=== LISTED RECORDS ===
○ ○ ○ ○ ○ ○ ○
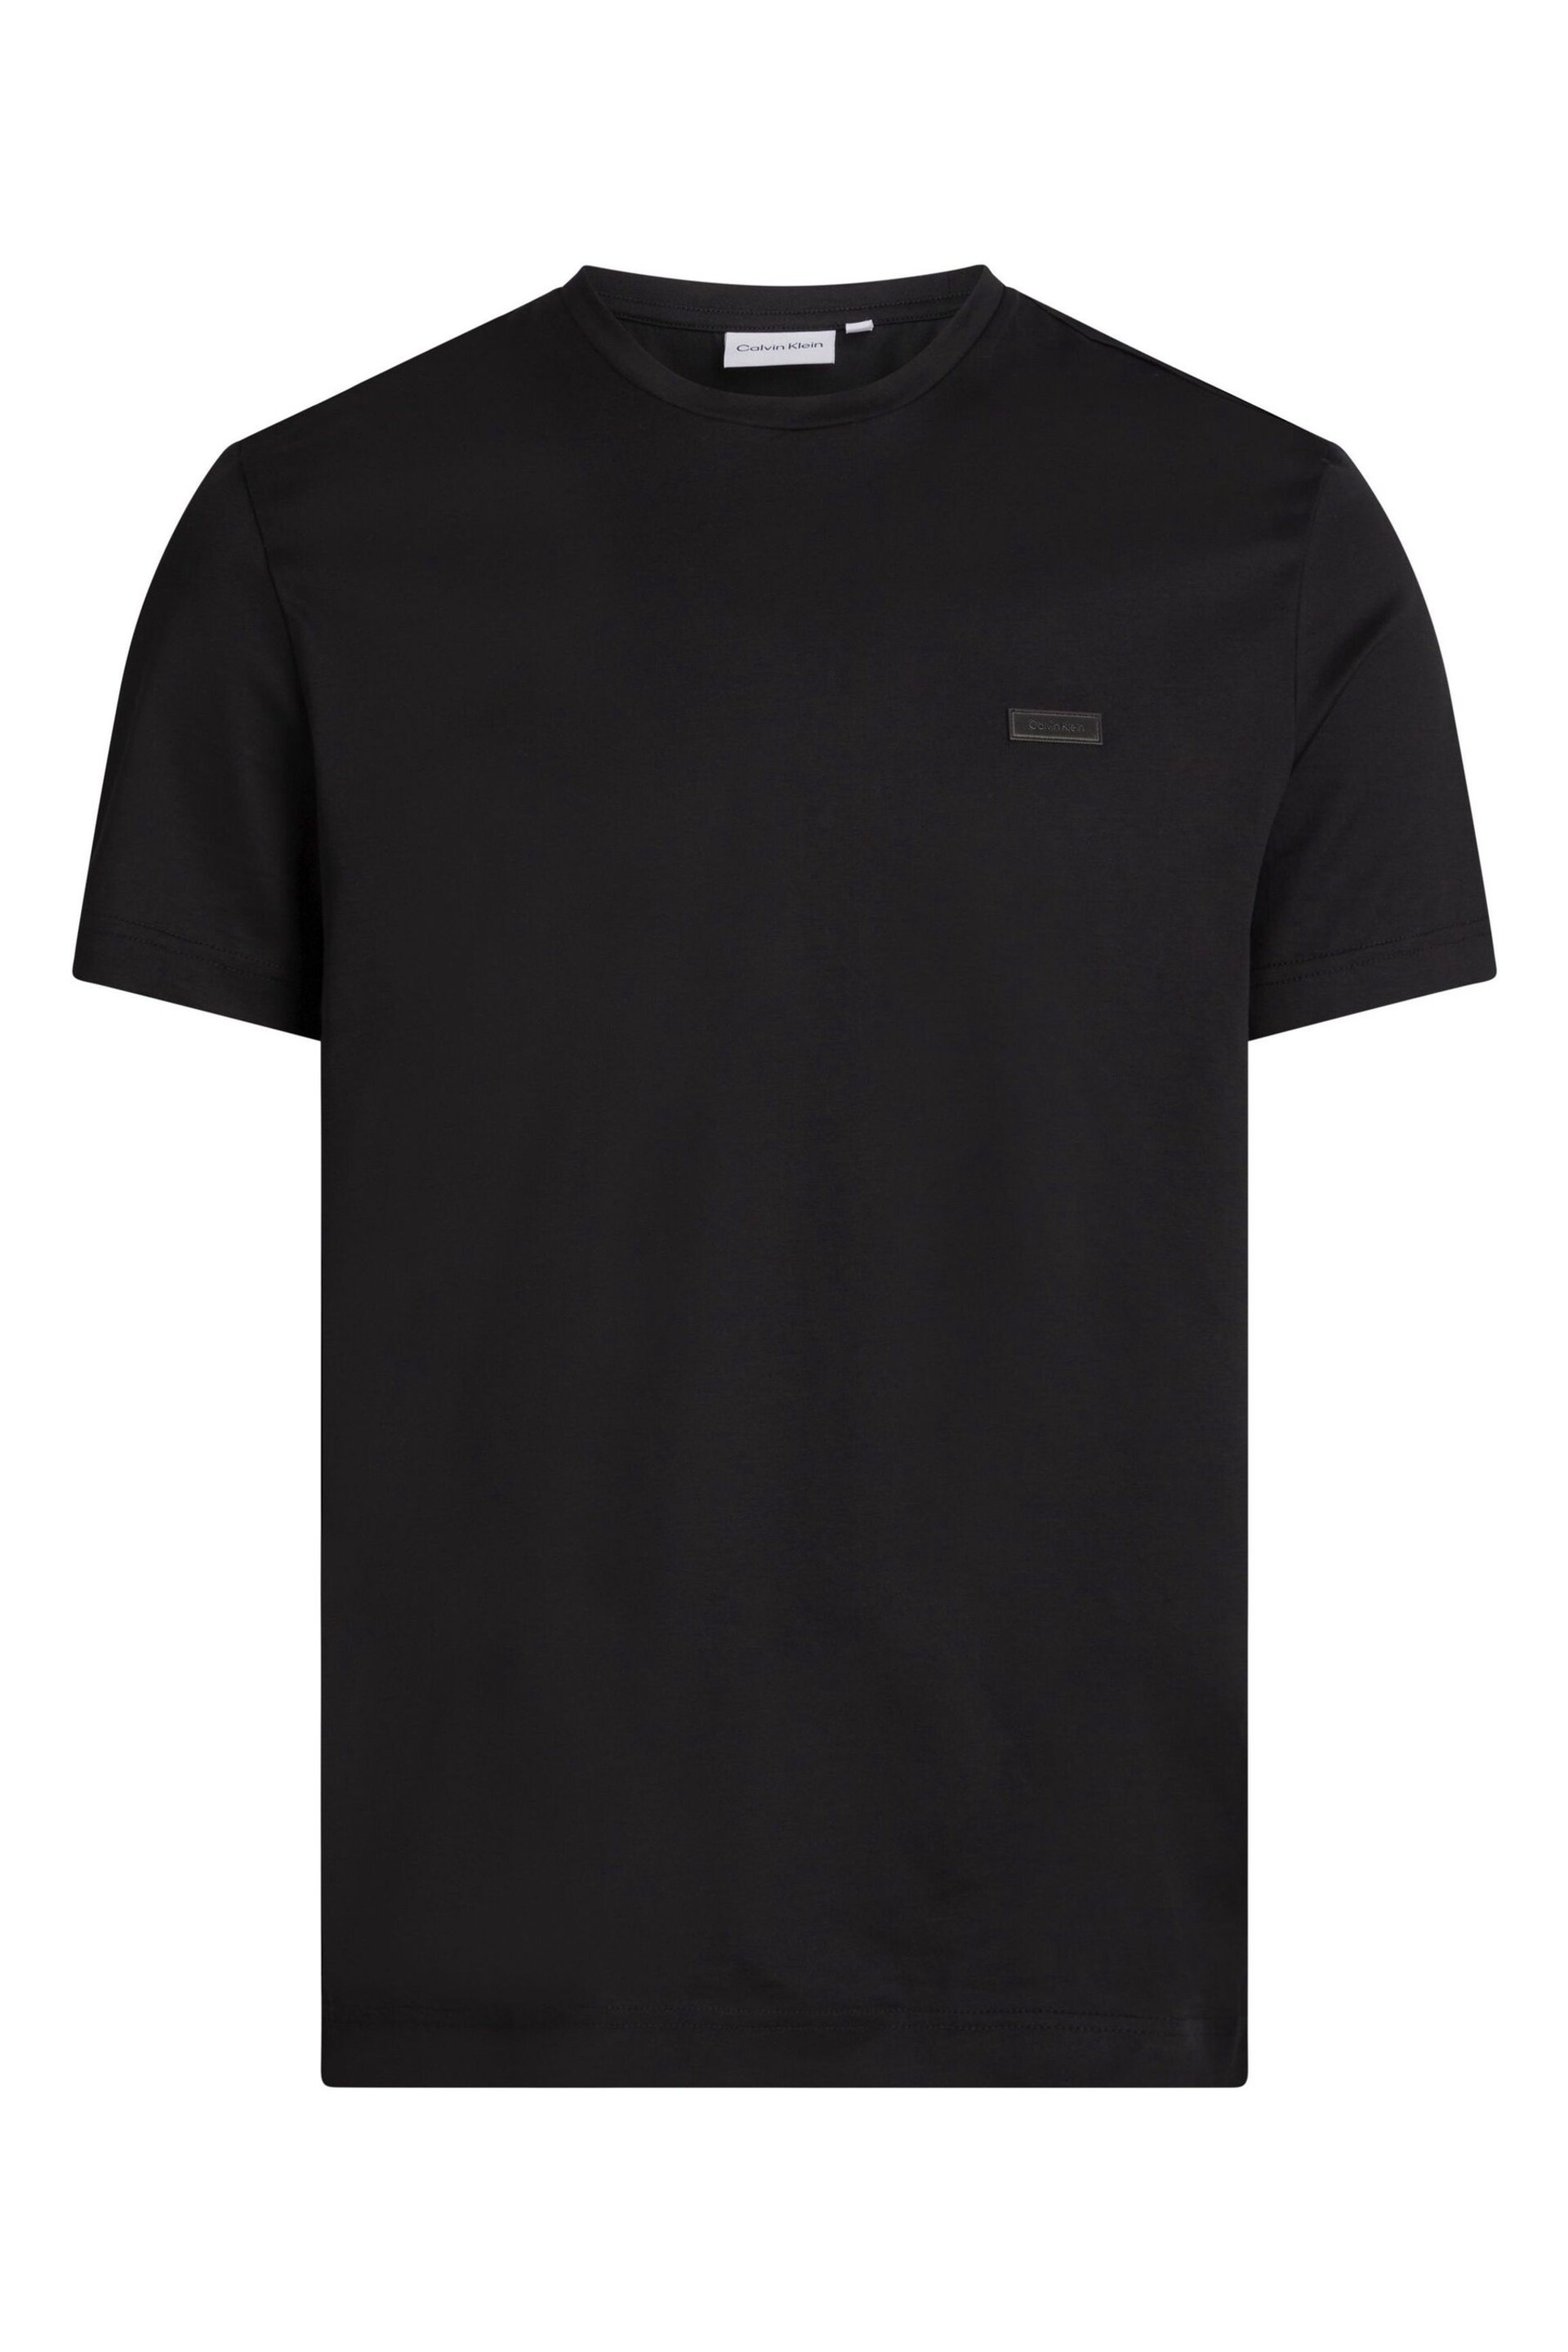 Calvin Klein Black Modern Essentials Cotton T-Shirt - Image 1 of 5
○ ○ ○ ○ ○ ○ ○
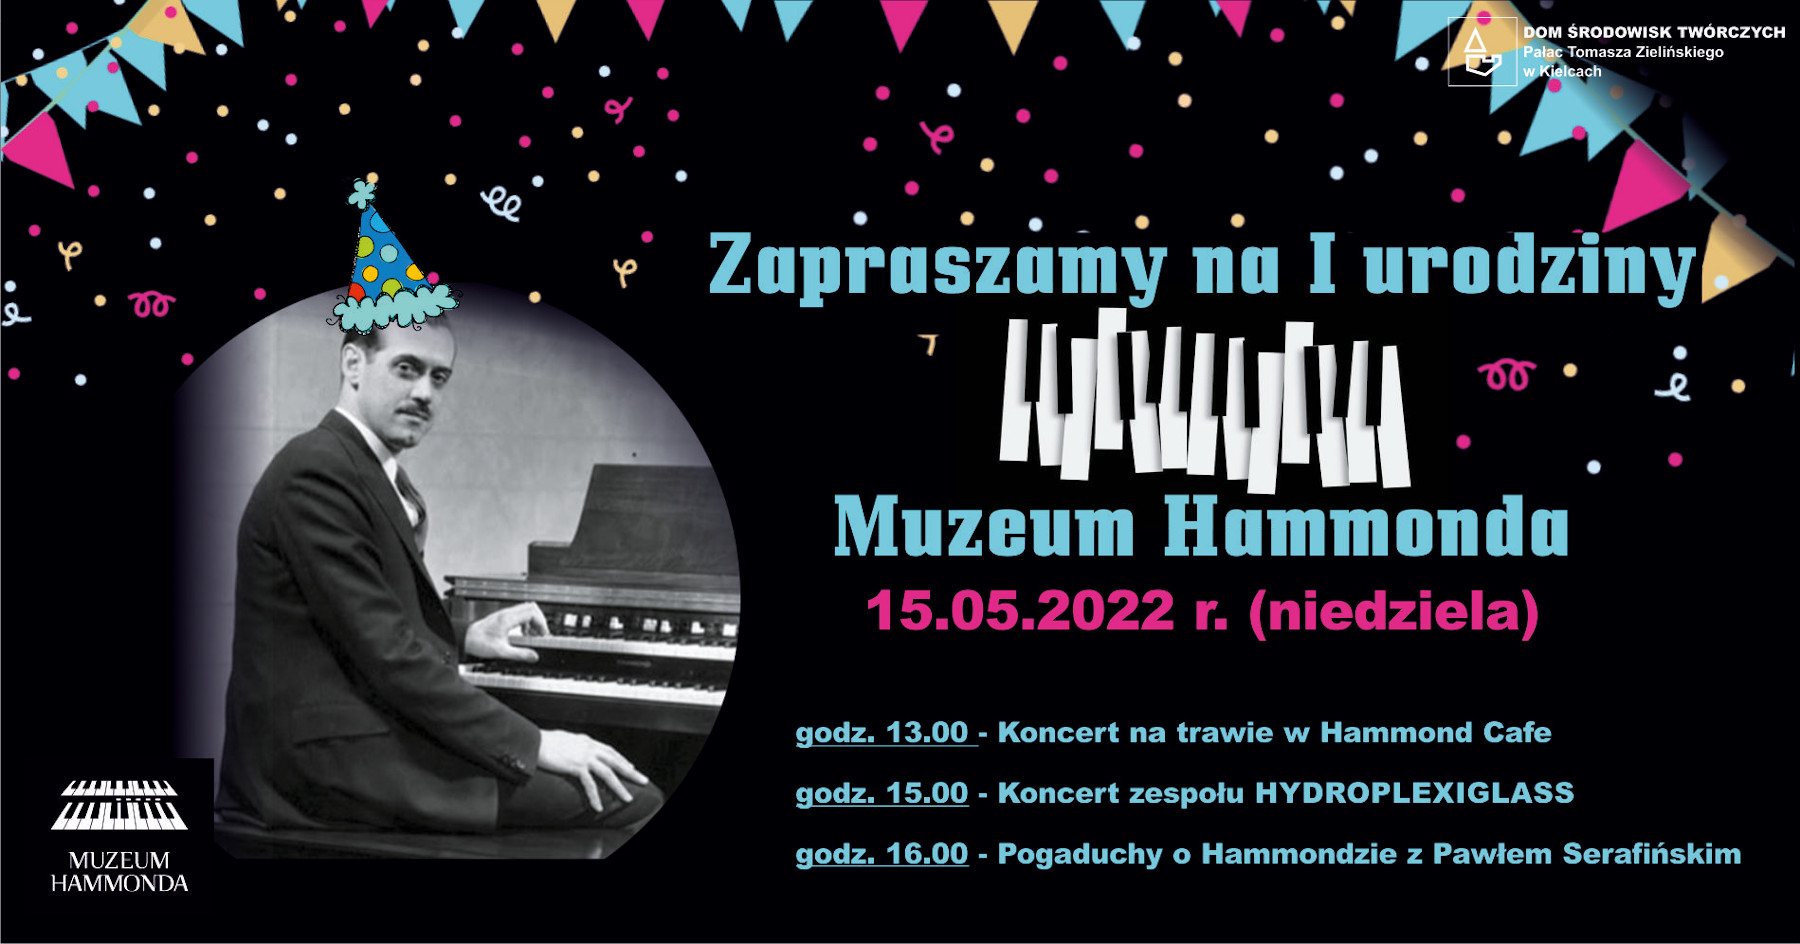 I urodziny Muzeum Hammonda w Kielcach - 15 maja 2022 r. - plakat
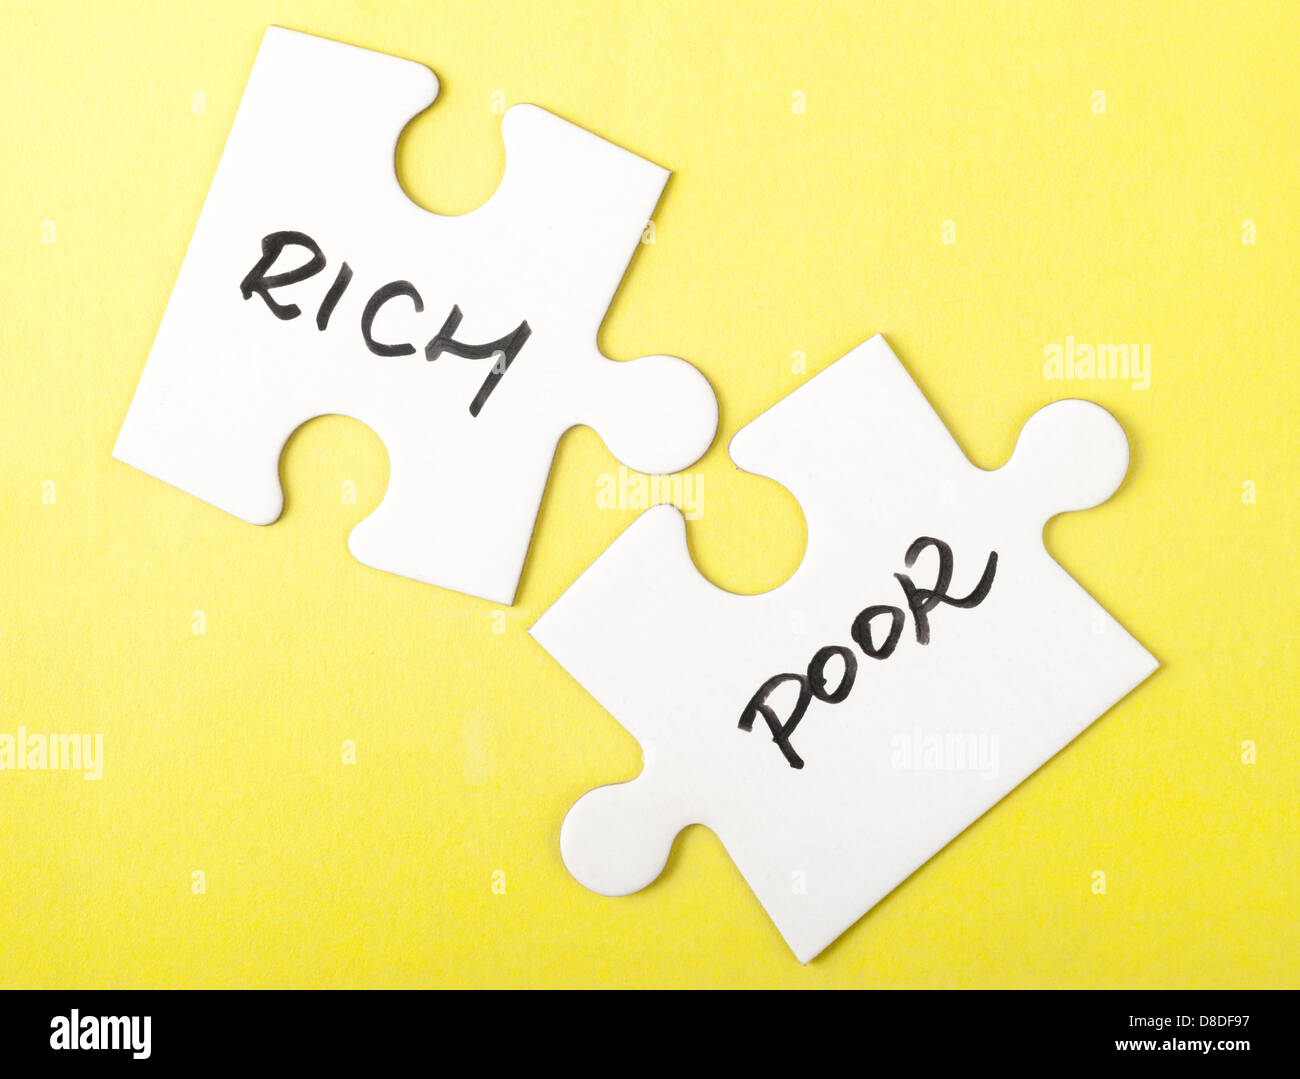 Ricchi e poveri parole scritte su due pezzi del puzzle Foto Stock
○ ○ ○ ○ ○ ○ ○
=== WHAT TO DO ===
In the material above, one part opens with the line containing "I urodziny Muzeum" and closes with the line containing "Ricchi e poveri". Write out that part exactly and skip its pictures.

=== WRITTEN ANSWER ===
 I urodziny Muzeum Hammonda w Kielcach - 15 maja 2022 r. - plakat
 Ricchi e poveri parole scritte su due pezzi del puzzle Foto Stock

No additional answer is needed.